Now we want to follow the same procedure to optimise the parameters of the Random Forest classifier on the churn dataset. Since this is a classification task there are two things we need to change in our code:

  1. We replace the RandomForestRegressor with the `RandomForestClassifier``
  2. During cross-validation we want to measure the accuracy instead of the RMSE.
get_dataset('churn.csv')
Dataset already exists at '../data/churn.csv' and is not downloaded again.
churn_data = pd.read_csv(DATA/'churn.csv')
X, y, nas = proc_df(churn_data, "Churn")
rf = RandomForestClassifier(n_jobs=-1)
results = cross_validate(rf, X, y,
                         cv=5,
                         return_train_score=True,
                         scoring='accuracy')
print('Train score: %.3f' % np.mean(results['train_score']))
print('Validation score: %.3f' % np.mean(results['test_score']))
Train score: 1.000
Validation score: 0.794

We see that we have about 79% accuracy on the validation set. Let's see if we can improve on that.

n_estimators

acc_train = []
acc_valid = []

n_estimators = [25, 50, 100, 200]
for n in tqdm(n_estimators):
    rf = RandomForestClassifier(n_estimators=n, n_jobs=-1)
    results = cross_validate(rf, X, y,
                             cv=5,
                             return_train_score=True,
                             scoring='accuracy')
    
    # we average the scores and append them to the list
    acc_train.append(np.mean(results['train_score']))
    acc_valid.append(np.mean(results['test_score']))
100%|██████████| 4/4 [00:15<00:00,  3.83s/it]
plot_fitting_graph(n_estimators, acc_train, acc_valid, metric_name='Accuracy', xlabel='max_features')

Note: since we want to maximise the accuracy we need to change np.argmin to np.argmax:

n_estimators[np.argmax(acc_valid)]
200

Following the same argument as with the housing dataset we will stick to n_estimators=100 for now but you can experiment with more estimators if you want.

Exercise 2

Run the same optimisation steps as we did with housing dataset to tune the Random Forest for churn classification.

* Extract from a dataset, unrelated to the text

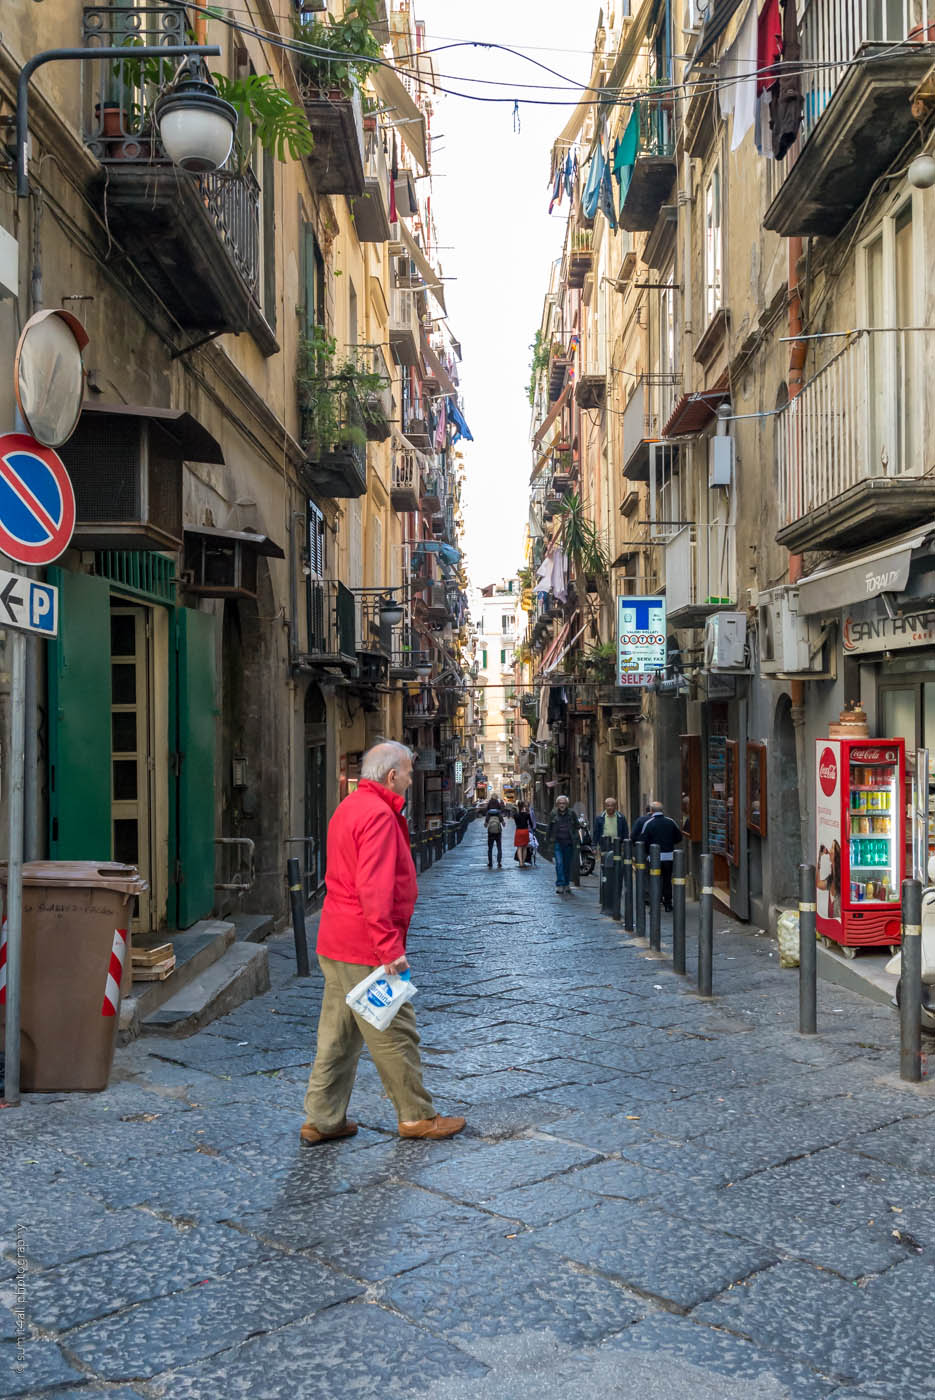 A Street Scene in Naples, Italy

Optimise the following parameters:

  • max_depth
  • min_samples_leaf
  • max_features

Note: You will probably see a ~1% improvement. While this not might seem like very much keep in mind that Netflix paid \$50'000 for a 1% improvement in predictions and $1'000'000 for a 10% improvement (see link). In Kaggle challenges this can make the difference between being top-10 and top-100.